Exercise requirements -> Copy the data below exactly. Any pictures in it should be omitted.

BEGIN Dataset excerpt

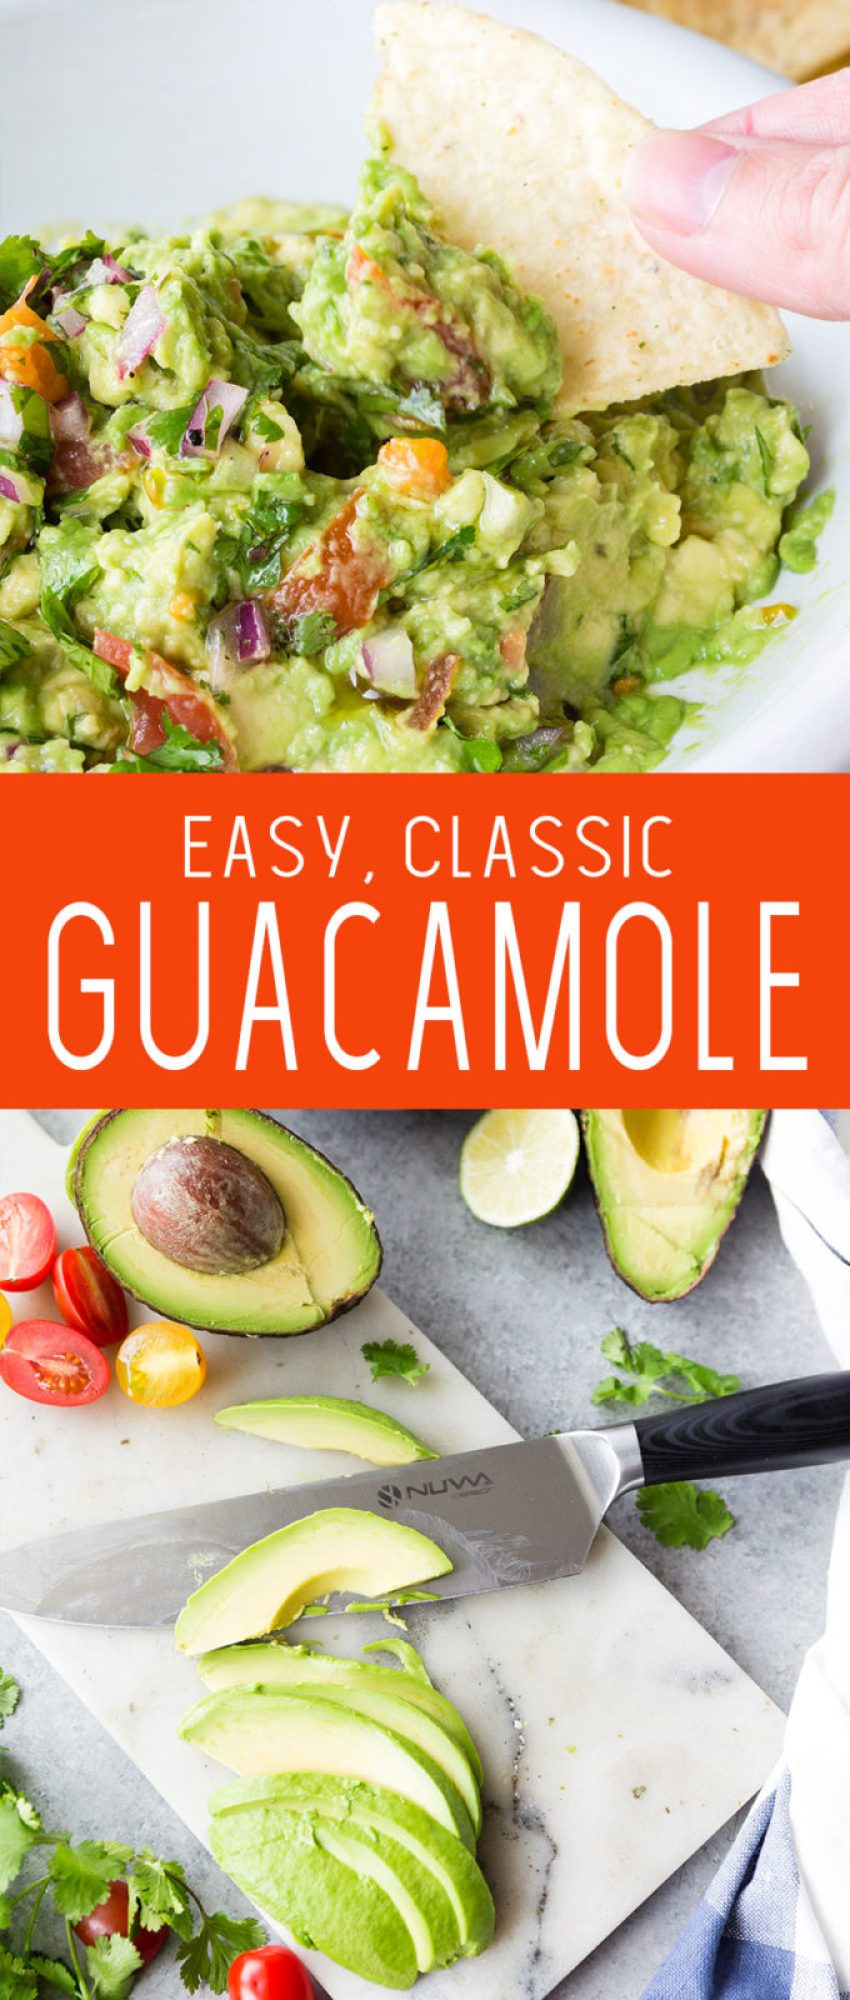 Easy Classic Guacamole, this Guacamole is made with delicious avocado, cilantro, and onion.
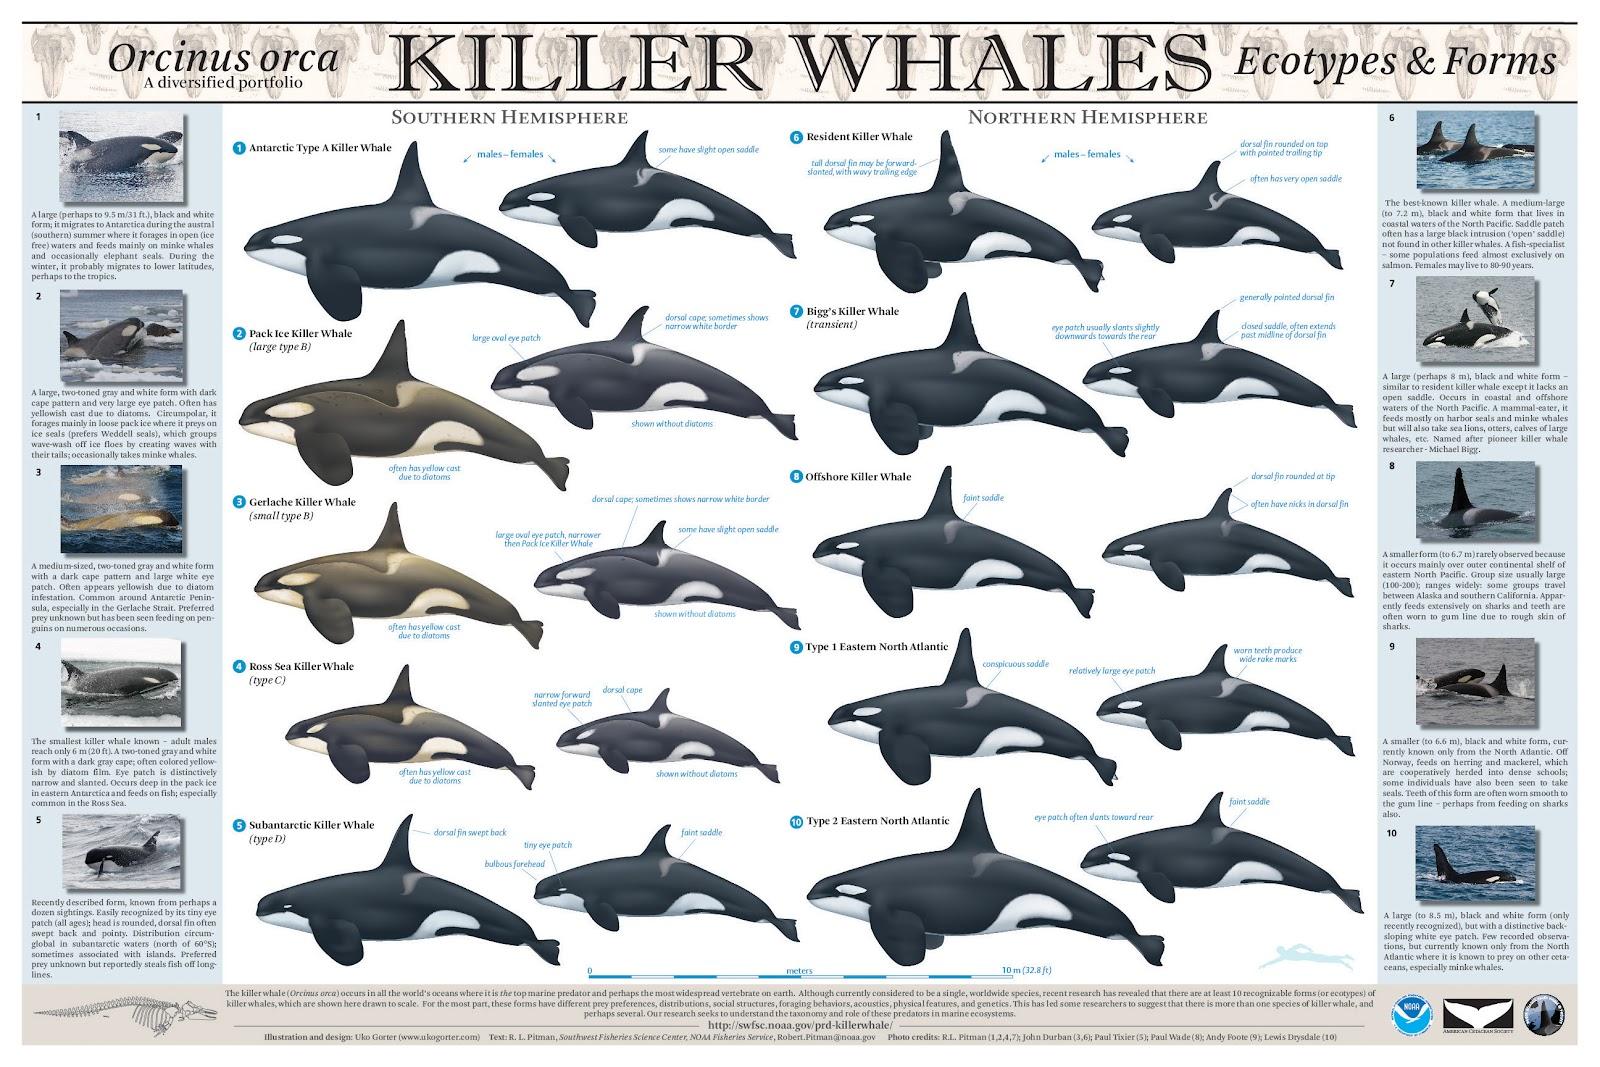 http://2.bp.blogspot.com/-0eLPbnCE-oM/UC0nh0B7UNI/AAAAAAAAADY/Jacb6Z6VmyA/s1600/Killer+Whale+Poster+(Credit+Uko+Gorter+&+Robert+Pitman+(SWFSC+NOAA)).jpg
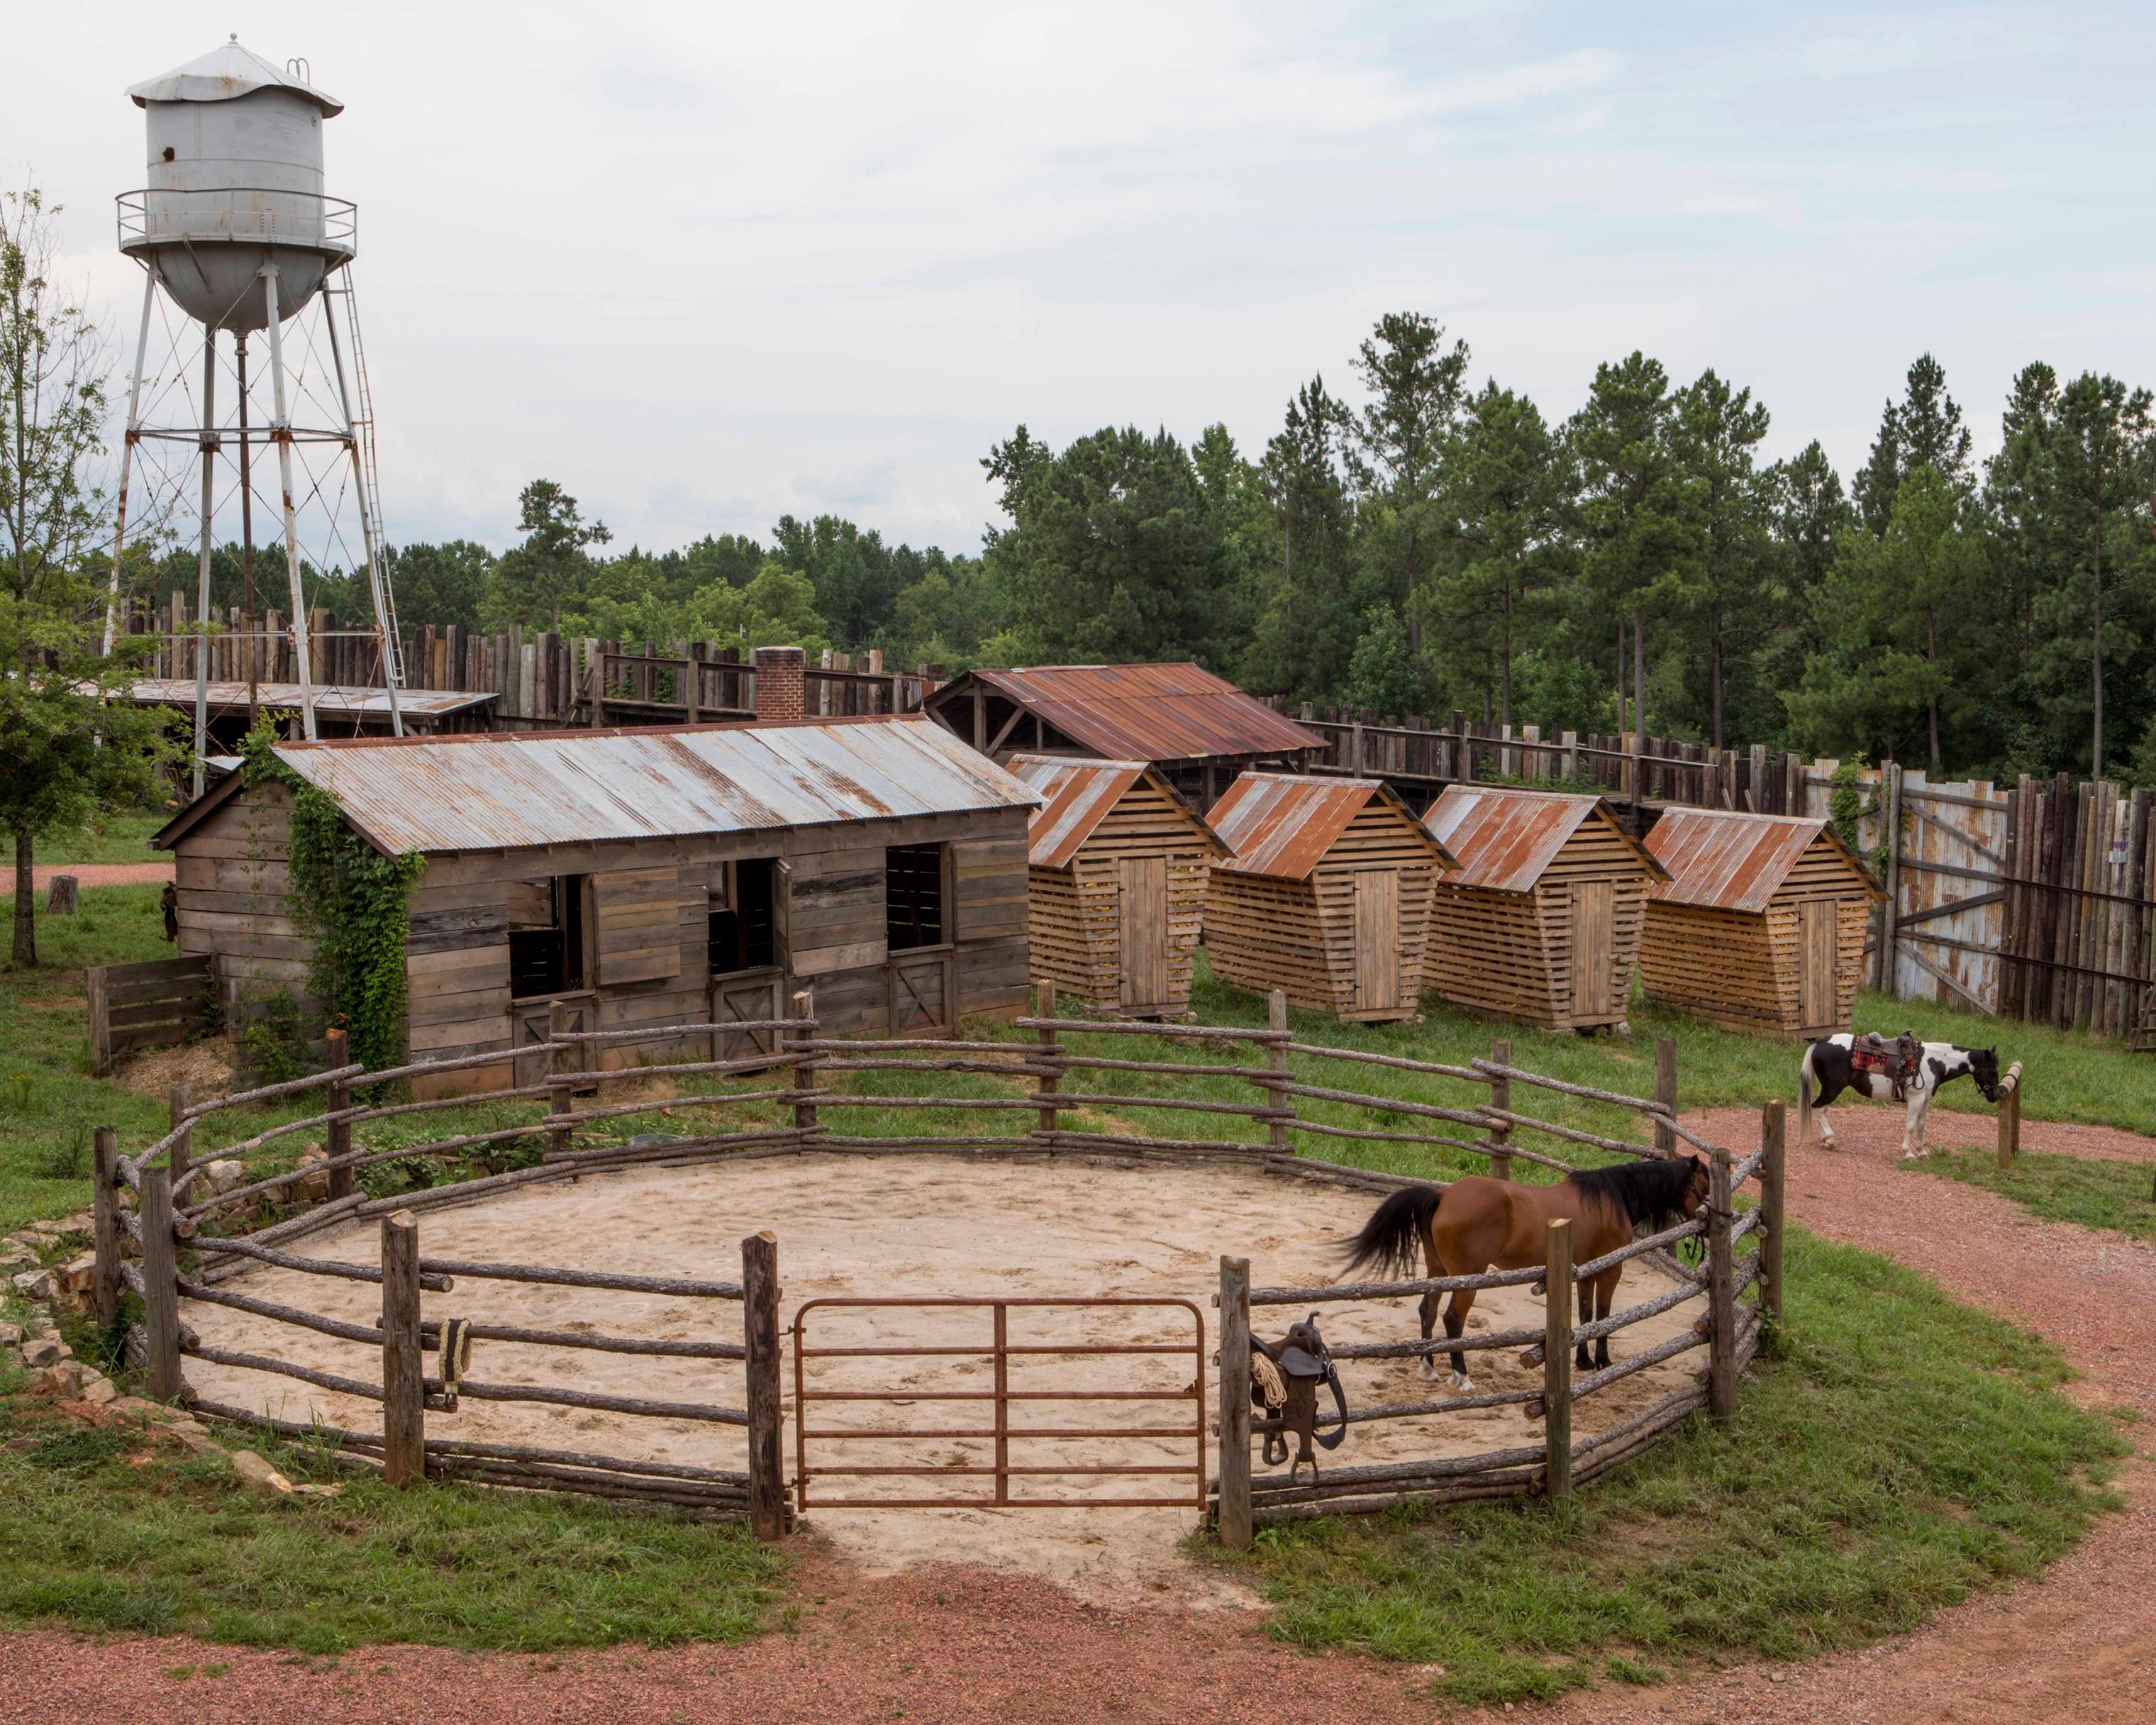 A horse corral set on season 9 of AMC's The Walking Dead filmed in in Senoia, Ga.

END Dataset excerpt

Answer to the exercise ->
 Easy Classic Guacamole, this Guacamole is made with delicious avocado, cilantro, and onion.
 http://2.bp.blogspot.com/-0eLPbnCE-oM/UC0nh0B7UNI/AAAAAAAAADY/Jacb6Z6VmyA/s1600/Killer+Whale+Poster+(Credit+Uko+Gorter+&+Robert+Pitman+(SWFSC+NOAA)).jpg
 A horse corral set on season 9 of AMC's The Walking Dead filmed in in Senoia, Ga.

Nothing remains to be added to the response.